Tali bambini non arrivano a rendersi conto della solitudine e dell’abbandono a cui sono stati esposti, non dell’abbandono esteriore, alla separazione materiale dai genitori o al fatto di essersi sentiti dei bambini trascurati. Anzi spesso hanno avuto dei genitori tutt’altro che indifferenti o rozzi, dai quali sono stati anche incoraggiati ed in genere descrivono un’infanzia felice e protetta. Si tratta di persone ricche di possibilità e addirittura di talenti che non hanno mancato di sviluppare, spesso lodati per le loro doti naturali e per le pretazioni che ne derivavano, orgoglio dei loro genitori che, secondo l’opinione comune dovrebbero avere una salda coscienza del proprio valore. In realtà è tutto il contrario. A nulla serve il loro eseguire bene se non addirittira in modo eccellente ogni compito, l’essere ammirati e invidiati, il mietere successi quando si cimentano. Dietro tutto ciò è in agguato il senso di vuoto, di autoalienazione e di assurdità della propria esistenza. Quando entrano in terapia descrivono i loro primi ricordi senza alcuna simpatia per il bambino che sono stati e il rapporto che intrattengono con il mondo affettivo della loro infanzia è caratterizzato da scarso rispetto, coazione al controllo, manipolazione e pressione per le altre prestazioni, accompagnate da disprezzo ed ironia riguardo a sé stessi, che può arrivare fino al sarcasmo. In questo modo l’illusione della buona infanzia è servita.

In sintesi

1) E’ un bisogno irrinunciabile quello del bambino essere considerato e sta alla base della formazione di un sano senso di Sé.

2) Il riconoscimento delle sue sensazioni e dei suoi sentimenti rappresenta il fondamento della formazione del suo senso di identità, che lo aiuta a compiere i passi necessari verso l’individuazione.

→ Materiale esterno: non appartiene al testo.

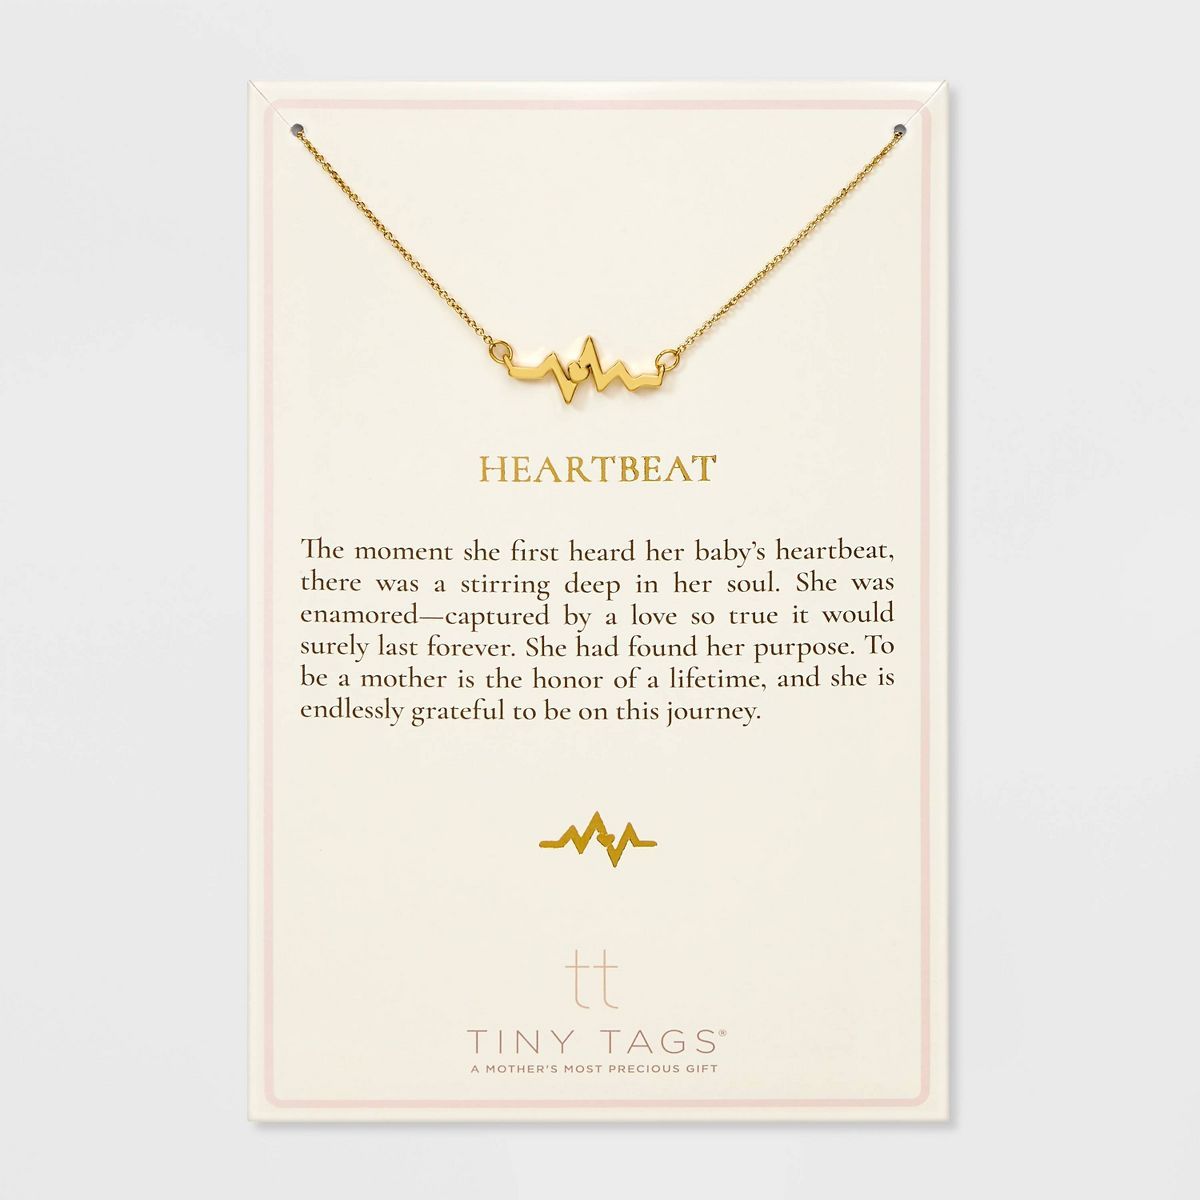 Tiny Tags 14K Gold Ion Plated Heartbeat Chain Necklace - Gold | Target
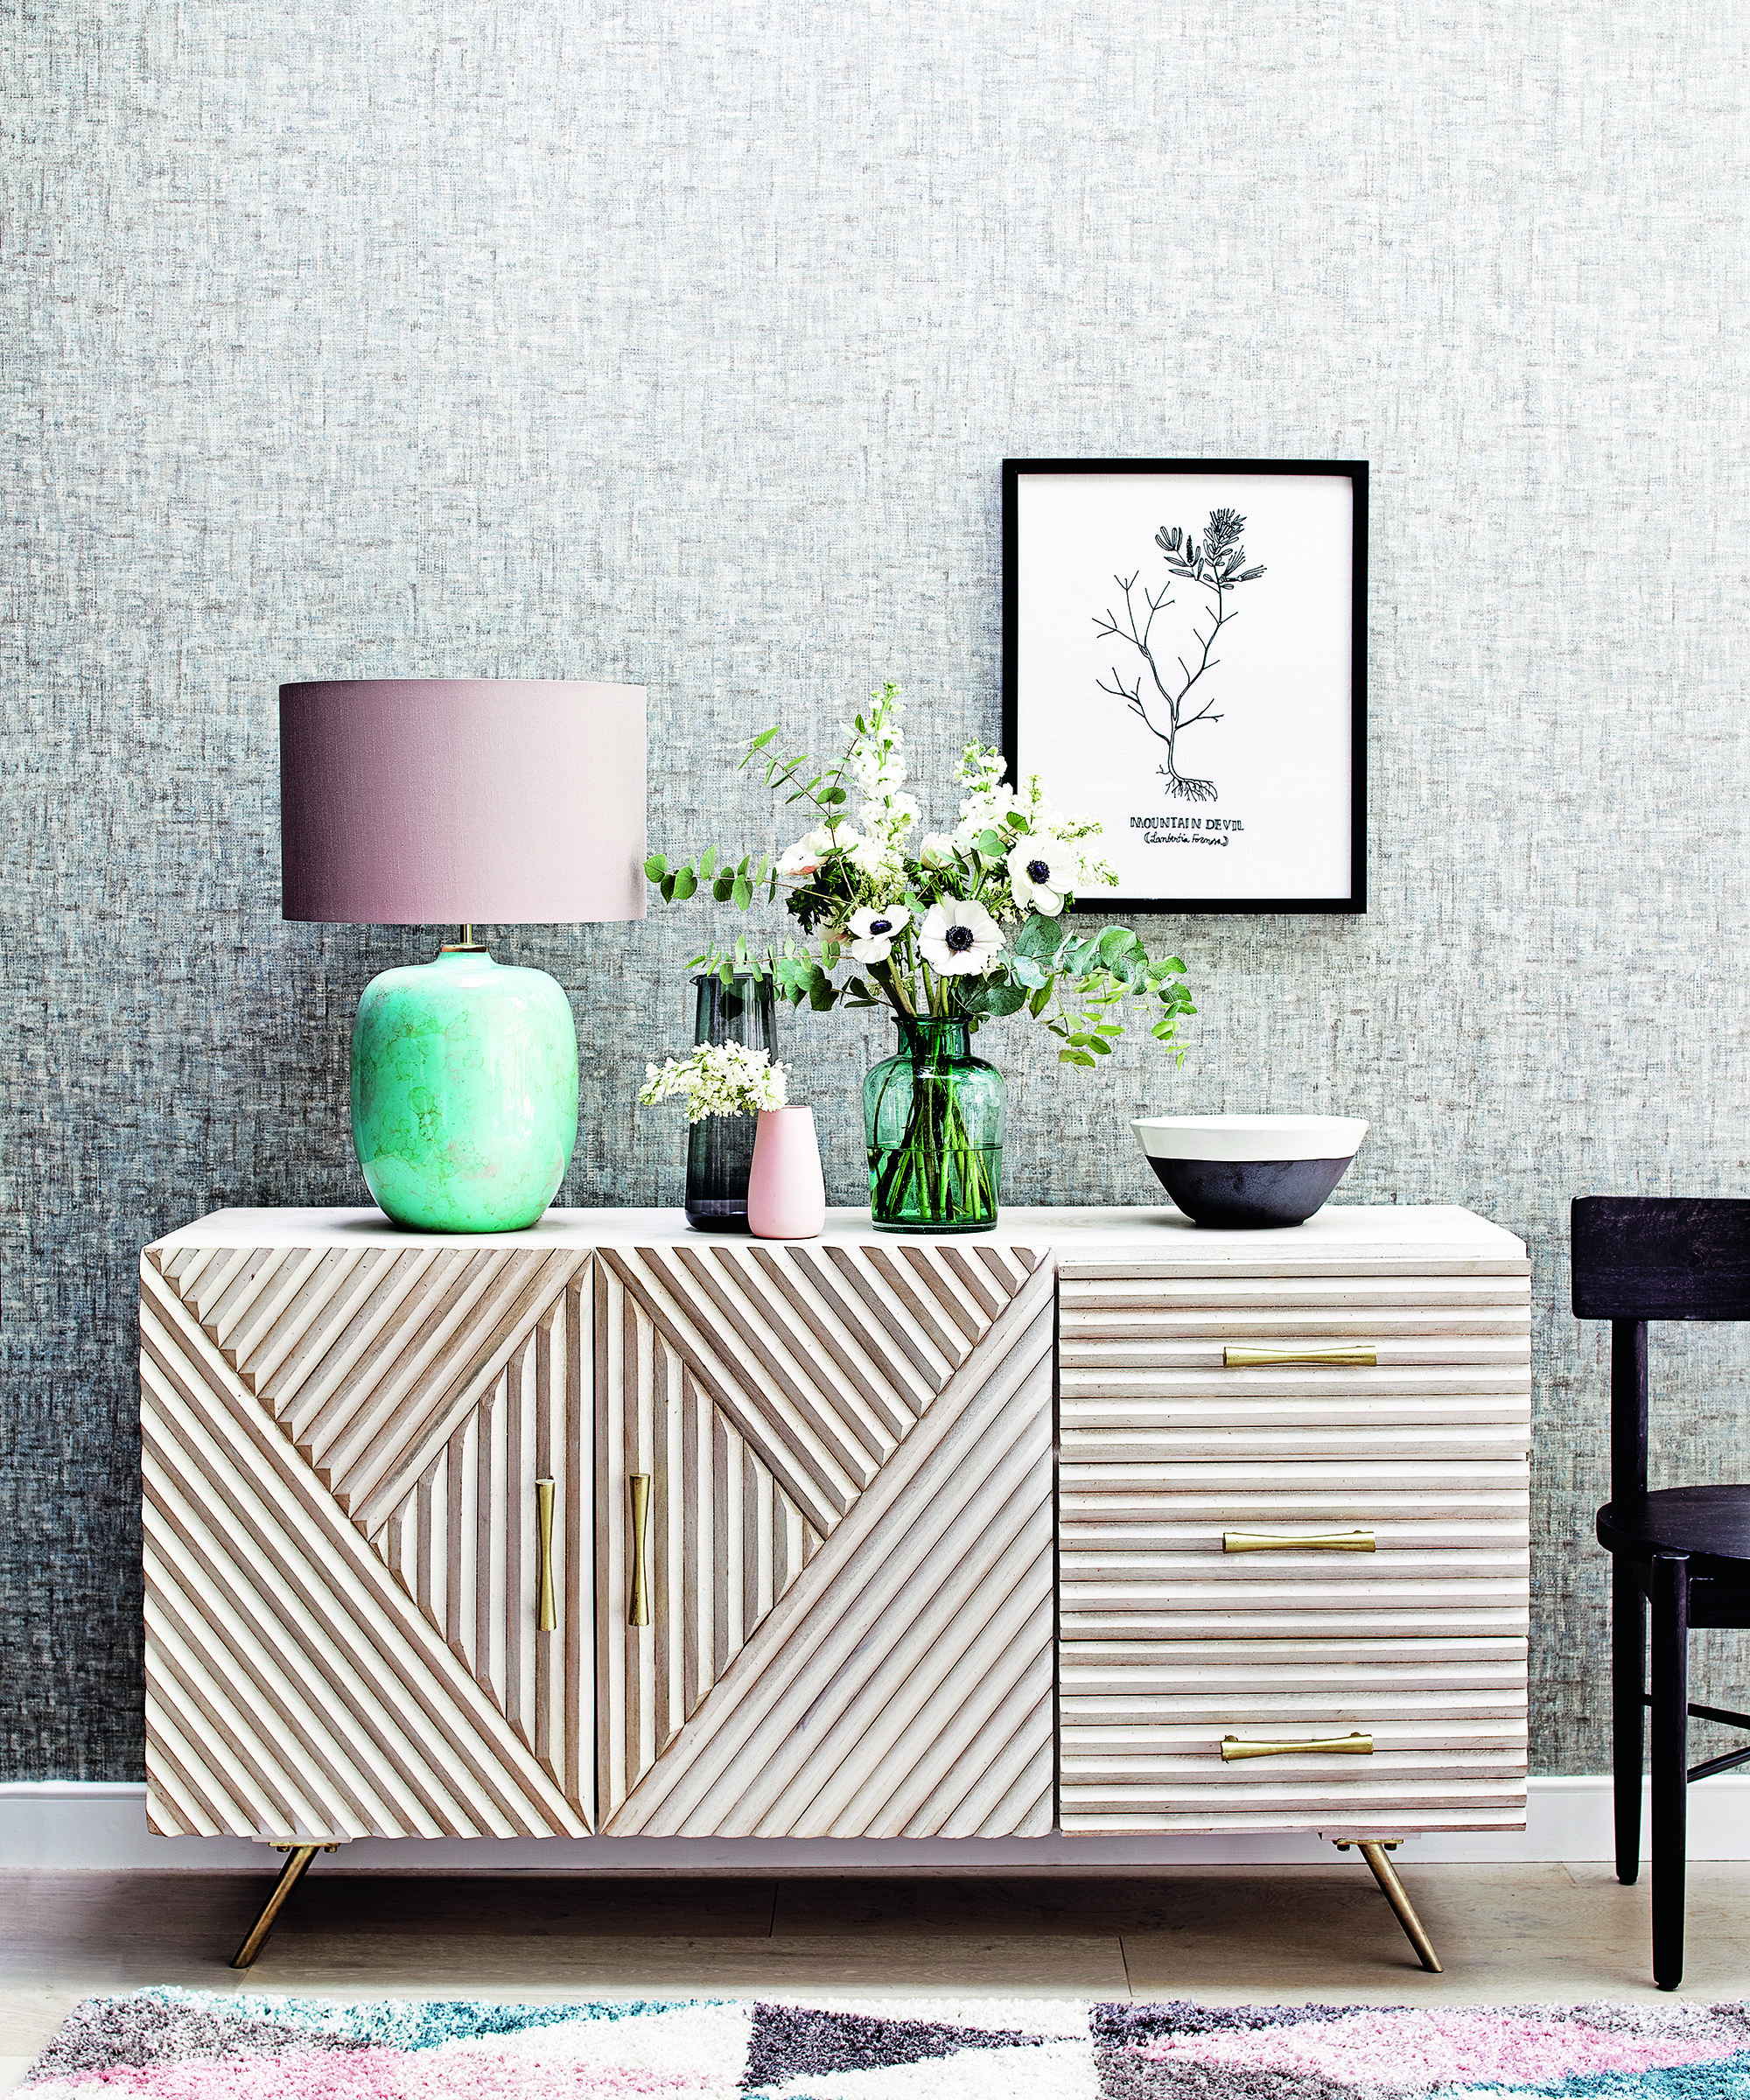 Grey living room ideas featuring a wooden sideboard with green lamp and grey textural wallpaper.

L’osservazione clinica ci porta a vedere come il caregiver è spesso una persona insicura sul piano emotivo ed utilizza il figlio per i propri bisogni di sicurezza, laddove il bambino tende ad adeguarsi e ad assumere la funzione che (inconsciamente) gli viene richiesta. La conseguenza inevitalile è l’impossibilità per questi bambini di vivere in maniera autentica determinati sentimenti come la gelosia, l’invidia, l’ira o il lasciarsi andare senza correre il rischio di ferire il genitore e renderlo insicuro. Il bambino può vivere I propri sentimenti solo se c’è una persona che questi sentimenti li accetta e li comprende, altrimenti preferisce non viverli affatto e se ne distacca, arroccandosi dietro un sé che deve negare questi stessi sentimenti. La madre in questo caso manca della sua funzione di rispecchiamento (rêverie) e non consente al bambino di imparare a conoscere i propri sentimenti e a differenziarli. Egli metterà in atto tutta una gamma di difese, come la negazione o la trasformazione nel contrario, per non riconoscere i propri sentimenti. L’adattamento a questi contesti conduce il bambino allo sviluppo di una personalità “come se”, ovvero al “falso Sé” descritto da D. Winnicott: l’individuo non si limita a mostrare l’atteggiamento che gli viene richiesto, ma si fonde con esso, che difficilmente si potrebbe sospettare la fatica che egli fa per nascondere il suo “vero sé”, in quanto teme che la sua espressione si leghi al rifiuto e alla condanna da parte del suo ambiente. Questi aspetti della crescita del bambino emergono quando essi descrivono un senso di vuoto e di assurdo, la mancanza di vitalità, spontaneità e di impoverimento affettivo.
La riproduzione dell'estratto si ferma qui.